Oracle AI Vector Search
Store, Index & Query Embeddings in SQL
This post covers Oracle AI Vector Search from the ground up — the VECTOR data type, distance functions, HNSW and IVF indexes, and loading ONNX embedding models directly into the database. All SQL examples are tested on 23ai. Where a feature requires a specific patch level, that is noted inline.
Why Vector Search — and Why Now?
Traditional SQL databases have excelled at exact-match queries for decades.
WHERE ticket_text LIKE '%network error%' works — but only when the user types those exact
words. In reality, users say "can't connect to the internet", "VPN keeps dropping", or
"no signal on ethernet". A keyword search misses all three. Full-text search improves matters
somewhat with stemming and stop words, but it still operates on the lexical layer —
the characters on the page — not on meaning.
Large language models changed this equation. They can map any piece of text (or image, or audio) into a point in a high-dimensional numerical space in a way that preserves semantic relationships. The challenge for Oracle DBAs has been: where do those vectors live? Historically the answer was a separate vector database — Pinecone, Weaviate, Chroma, pgvector — introducing a second system to operate, synchronize, monitor, and back up alongside the relational database where the actual business data resides.
Oracle AI Vector Search eliminates the two-system problem. Vectors are stored natively in the same tablespace as your ORDER, EMPLOYEE, and TICKET tables. You get transactional consistency, unified backup, a single connection pool, and the full SQL surface — all in one engine.

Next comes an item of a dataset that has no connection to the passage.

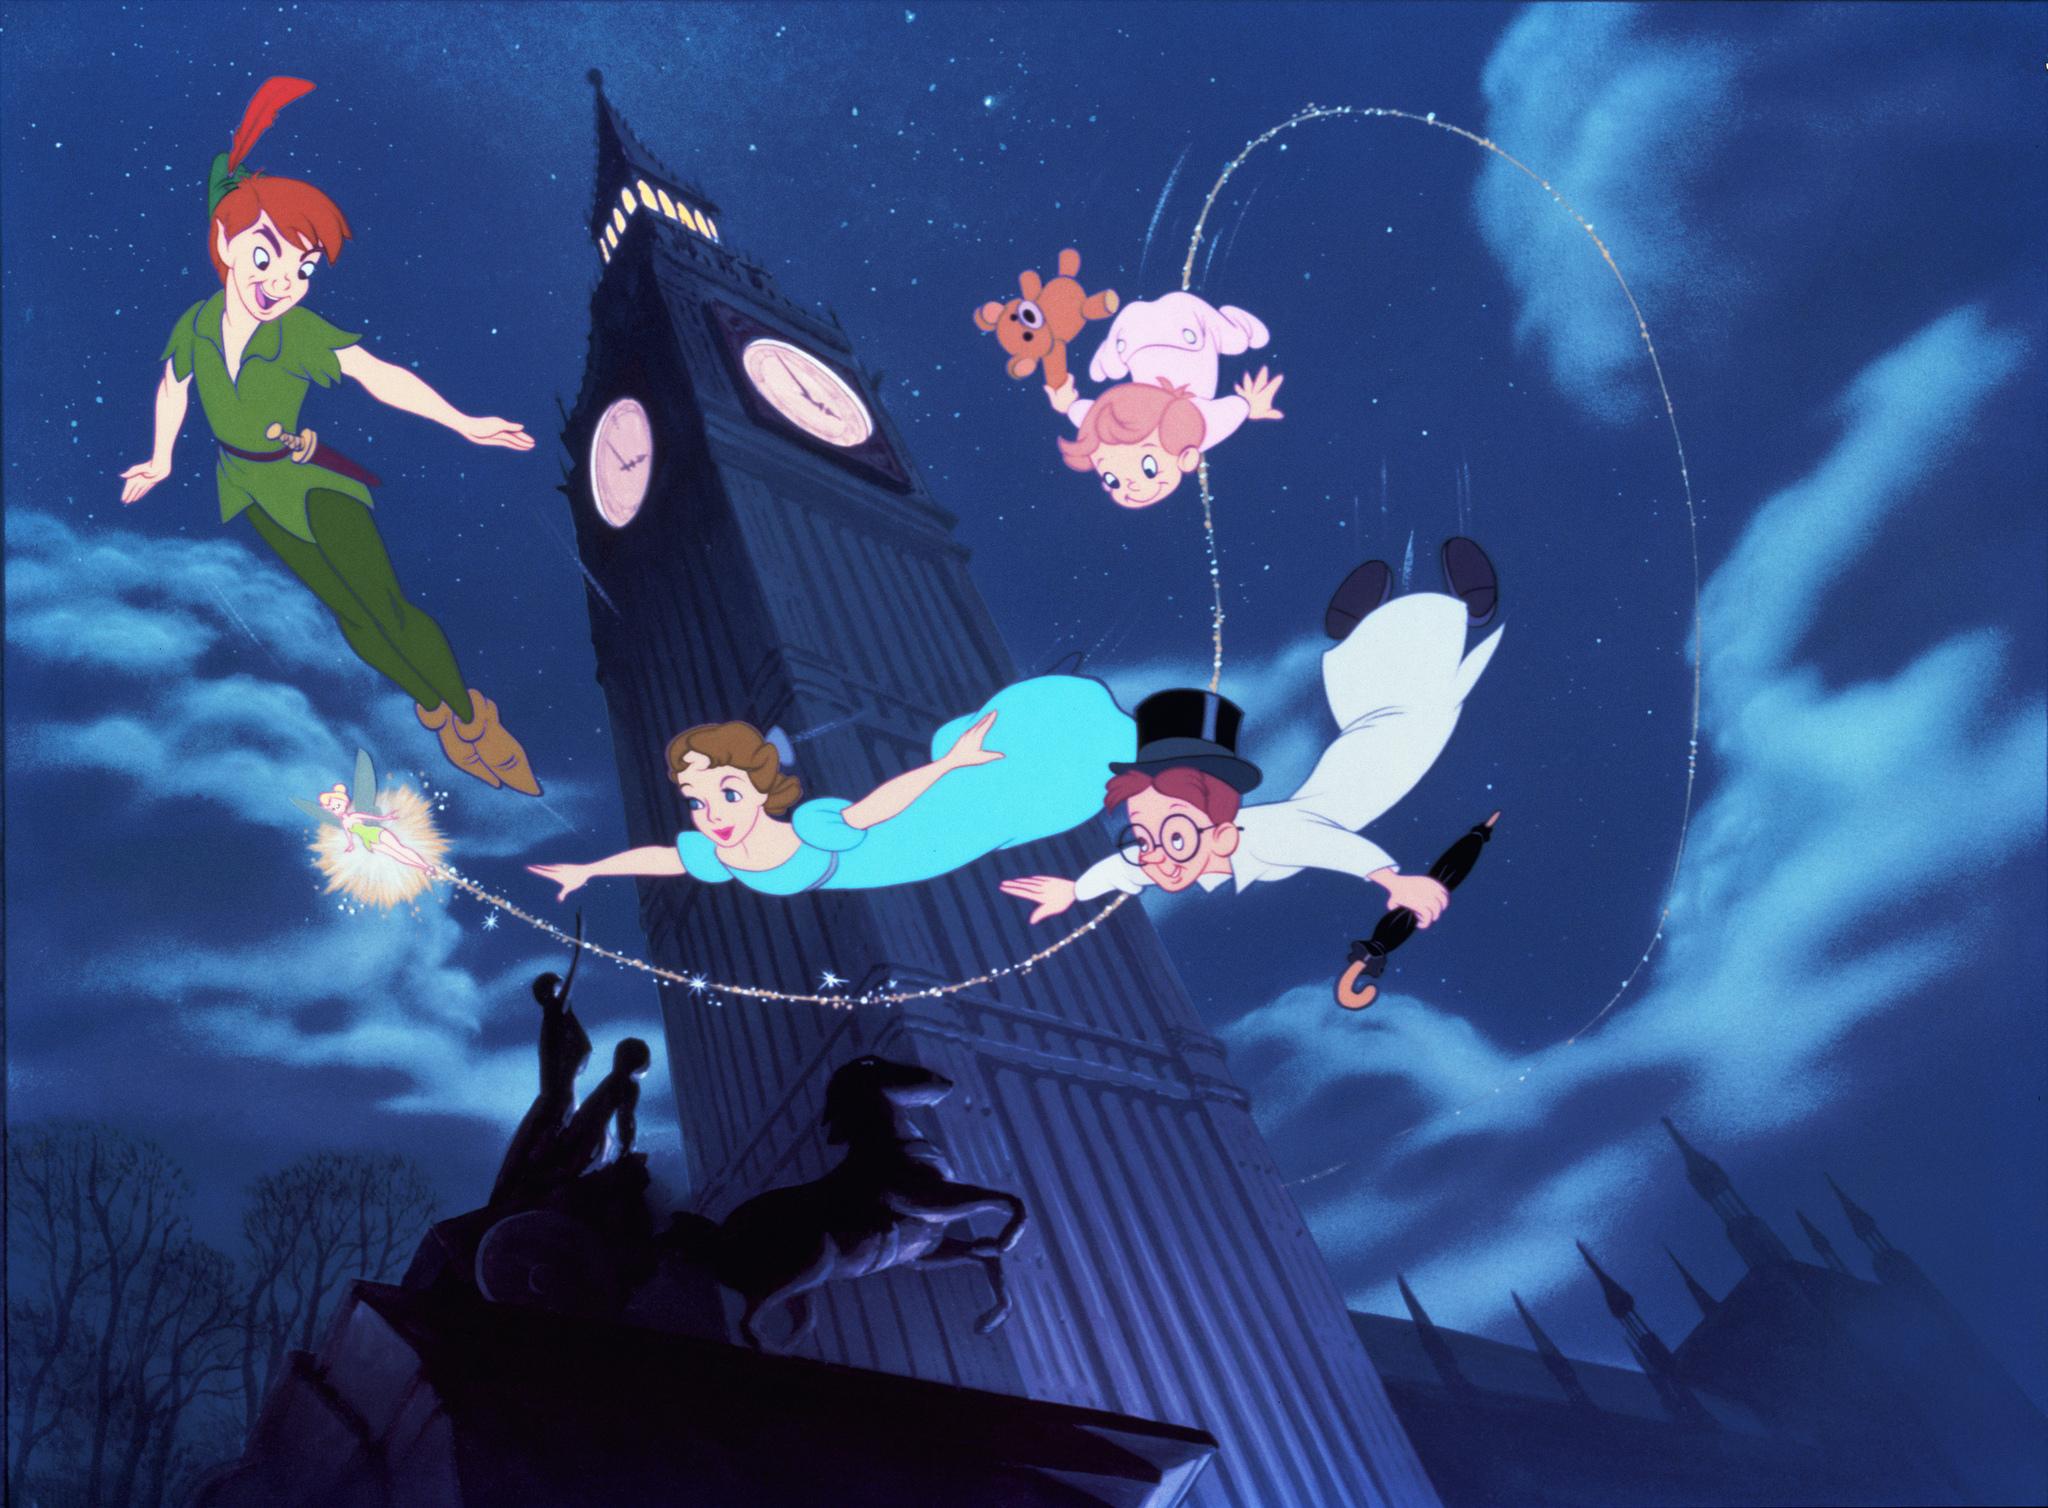 Disney Developing a Live-Action Peter Pan
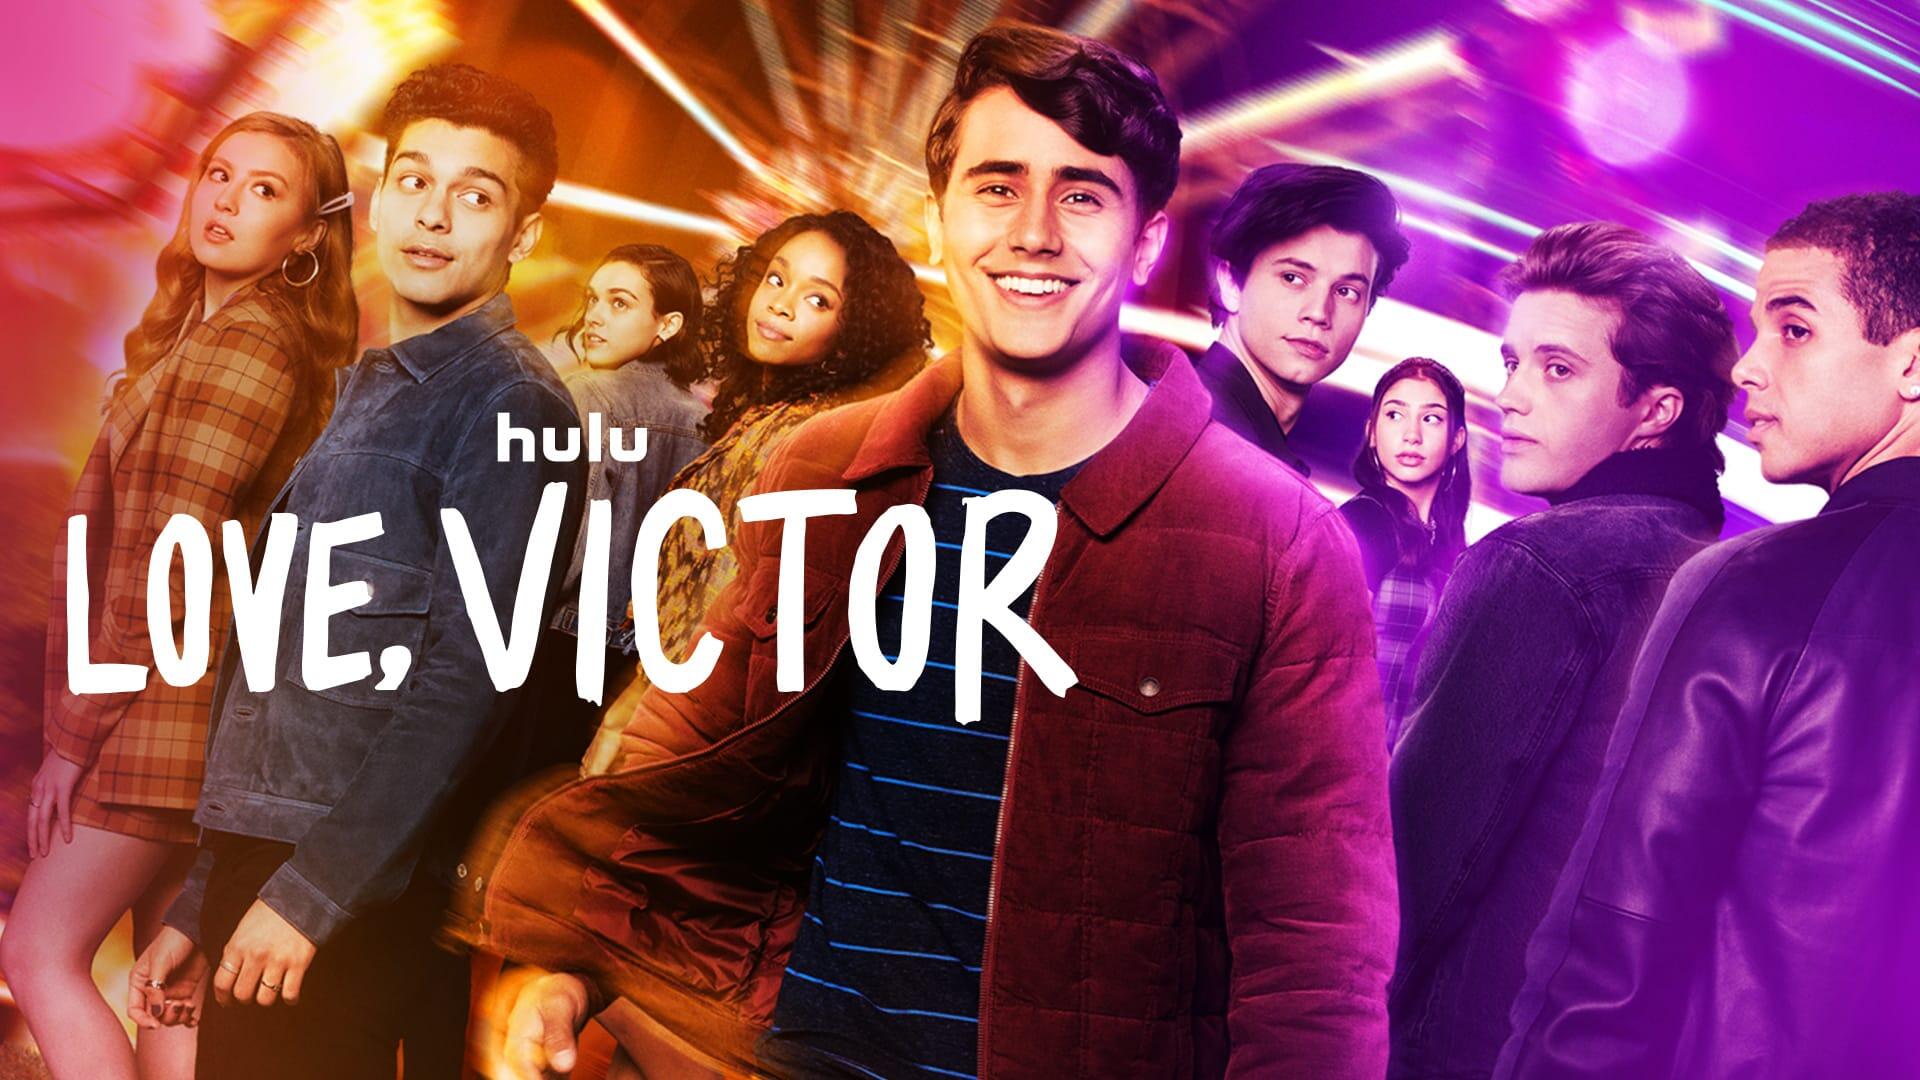 Love, Victor -- Season 3 -- This season finds Victor going on a journey of self-discovery -- not only deciding who he wants to be with, but more broadly, who he wants to be. With their post-high-school-plans looming, Victor and his friends are faced with a new set of problems that they must work through to make the best choices for their futures. Lake (Bebe Wood), Rahim (Anthony Keyvan), Lucy (Ava Capri), Mia (Rachel Hilson), Victor (Michael Cimino), Felix (Anthony Turpel), Pilar (Isabella Ferreira), Benji (George Sear) and Andrew (Mason Gooding), shown. (Courtesy of Hulu)

What Are Vector Embeddings?
An embedding is a dense numerical vector produced by passing input data through a trained neural network. For text, a model reads a sentence, processes it through transformer layers with attention mechanisms, and outputs a list of floating-point numbers — the embedding vector. The number of values in that list is the dimensionality. Common sizes range from 384 dimensions (smaller, faster models) through 768, 1024, and up to 1536 or more for high-capacity models.
The Geometric Intuition
Think of each embedding as a coordinate in a very large room. Words or concepts that are semantically related end up physically close together in that room. "Dog" and "Wolf" share traits — carnivore, fur, pack behaviour — so their embeddings land near each other. "Dog" and "Carburetor" have almost no shared context, so they end up far apart.
This also works across languages in multilingual models. "Chien" (French for dog) ends up near "Dog" in the vector space even though the two words share no characters.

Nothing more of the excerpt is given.